Comment 12 _ gtzabari 2001-03-19 15:32:07 UTC
1) Both stack traces (the first and last) came from OS/2 and they both 
resulted in the same error and so I assume they are both related

2) I have tried a testcase program on OS/2 whereby it allocates memory in 
small or even big chunks and it always gives me OutOfMemory correctly 
when I allocate all my memory. Then again, my testcase program did not 
involve any GUI; rather it just kept on allocating new String[100000]; 
and adding them to a Vector so they would not be deallocated.

3) Out of all Java programs I am using, Netbeans is the most complex but 
all-the-same it is the ONLY one that experiences this OutOfMemory error 
which is why I am more tempted to say it is Netbeans-specific.

4) I will test memory allocation in the lab if you wish, but it will take 
me a while (a week or so) because I'm quite busy this week.
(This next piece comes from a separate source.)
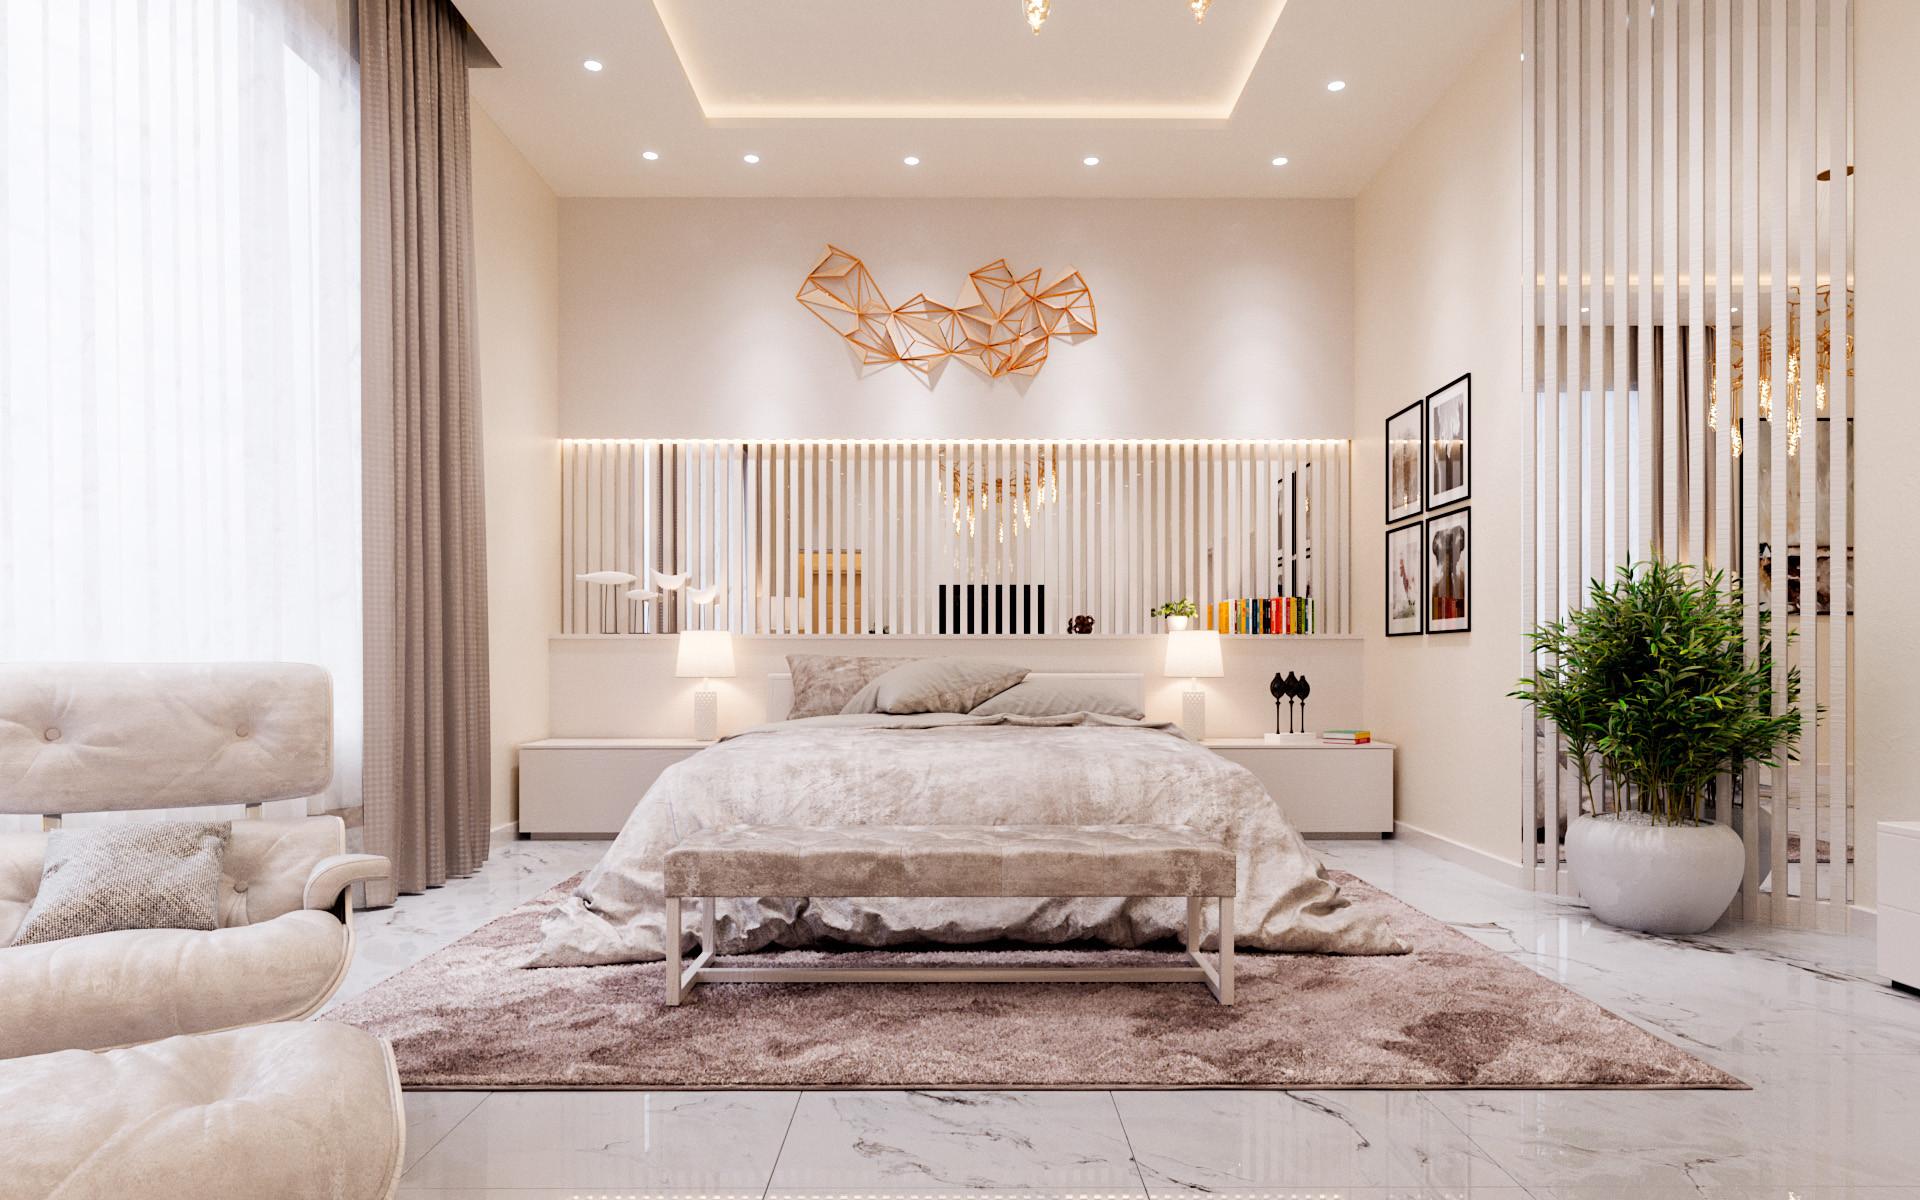 3D_renders_interiors_Dubai_villa2.jpg

5) Is there any more information I could provide you with that will help 
you track down this problem? Could you send me some modules with 
debuging-mode enabled or something that will output more information to 
help you?
Comment 13 _ gtzabari 2001-03-20 07:04:26 UTC
Created attachment 834 [details]
Source-code used to reproduce bug in Debugging-mode
Comment 14 _ gtzabari 2001-03-20 07:04:52 UTC
Ok, lets tackle this one step at a time.. I found steps to reproduce this 
error on demand. Lets tackle this first and see if the other stack traces 
were related or not; the resulting behavior seems to be the same no 
matter which stack trace I get.

I'm using Netbeans beta build 7 under JDK 1.3 for OS/2.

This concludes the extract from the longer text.